**WHAT YOU ARE ASKED TO DO:** Report each line of the data that includes the word "Image".

**INPUT:**
———

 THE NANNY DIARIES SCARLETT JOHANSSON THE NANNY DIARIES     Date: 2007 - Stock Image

———

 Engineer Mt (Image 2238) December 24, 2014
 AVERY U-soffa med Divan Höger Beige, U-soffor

———

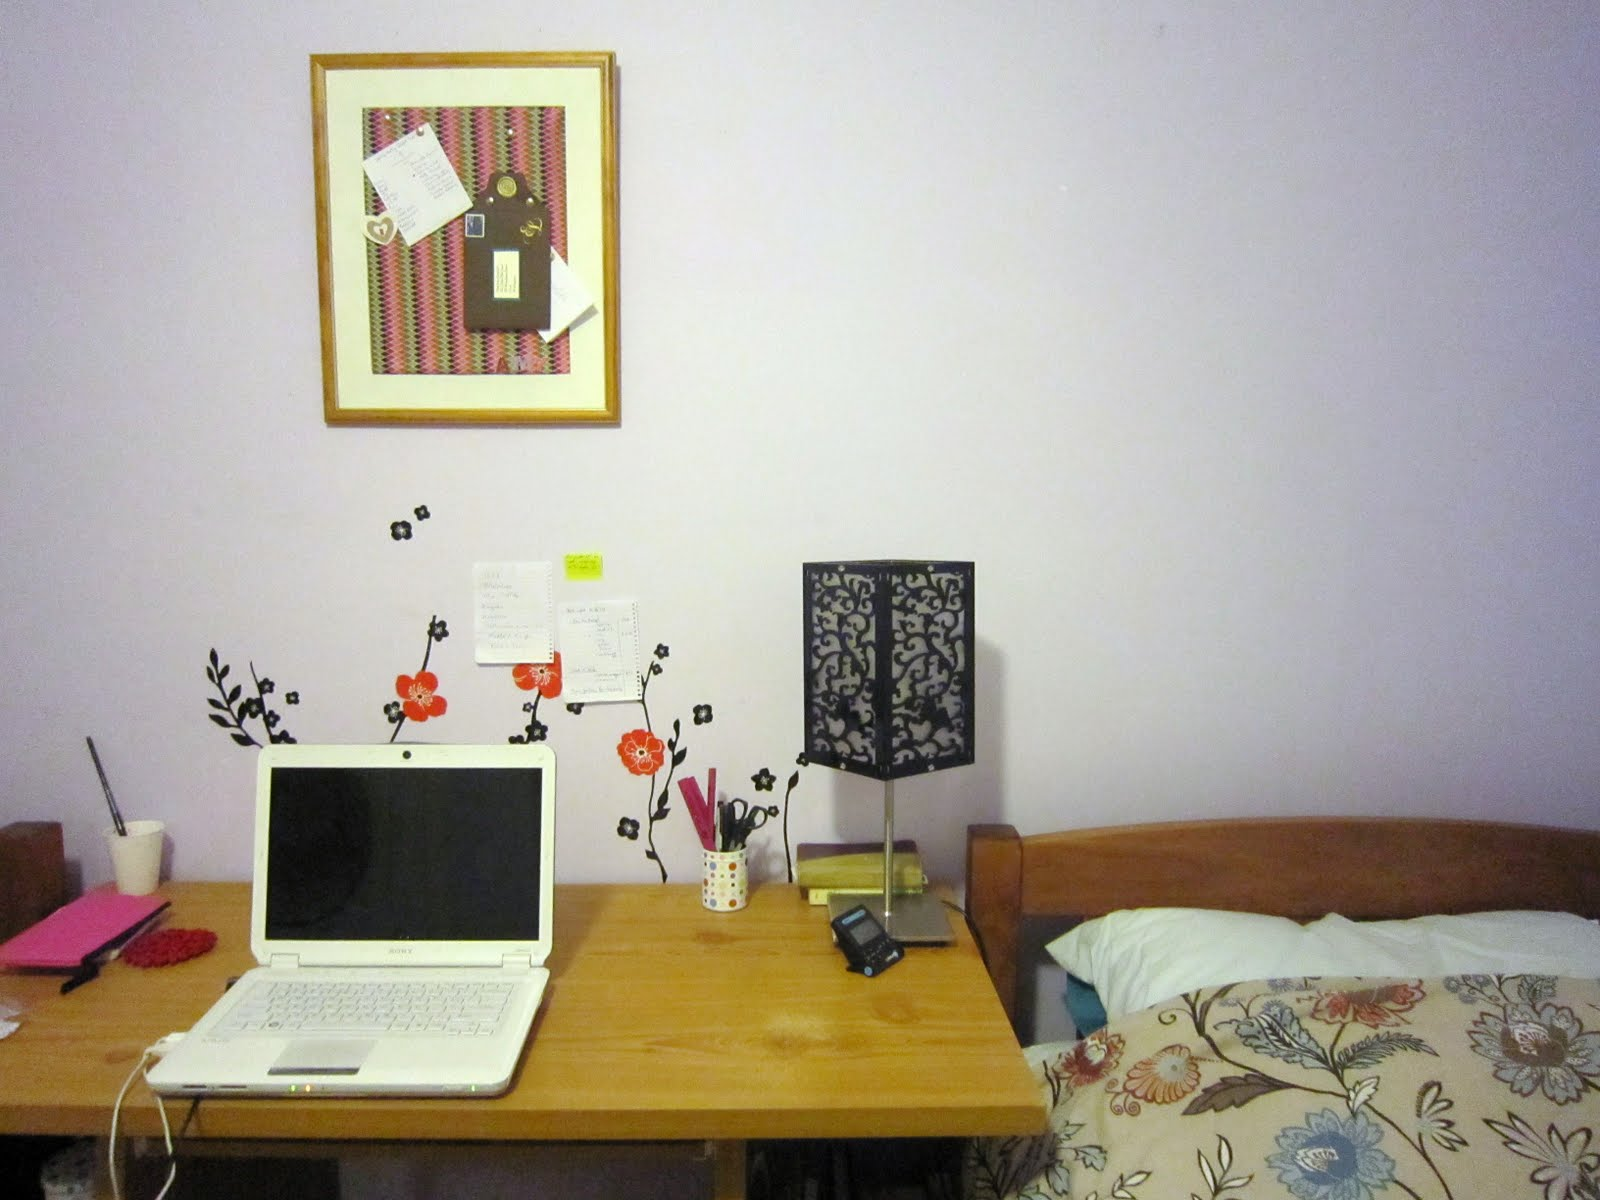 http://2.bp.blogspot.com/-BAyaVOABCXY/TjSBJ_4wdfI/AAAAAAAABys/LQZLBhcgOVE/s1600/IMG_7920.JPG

———

**SOLVED PROBLEM:**
 THE NANNY DIARIES SCARLETT JOHANSSON THE NANNY DIARIES     Date: 2007 - Stock Image
 Engineer Mt (Image 2238) December 24, 2014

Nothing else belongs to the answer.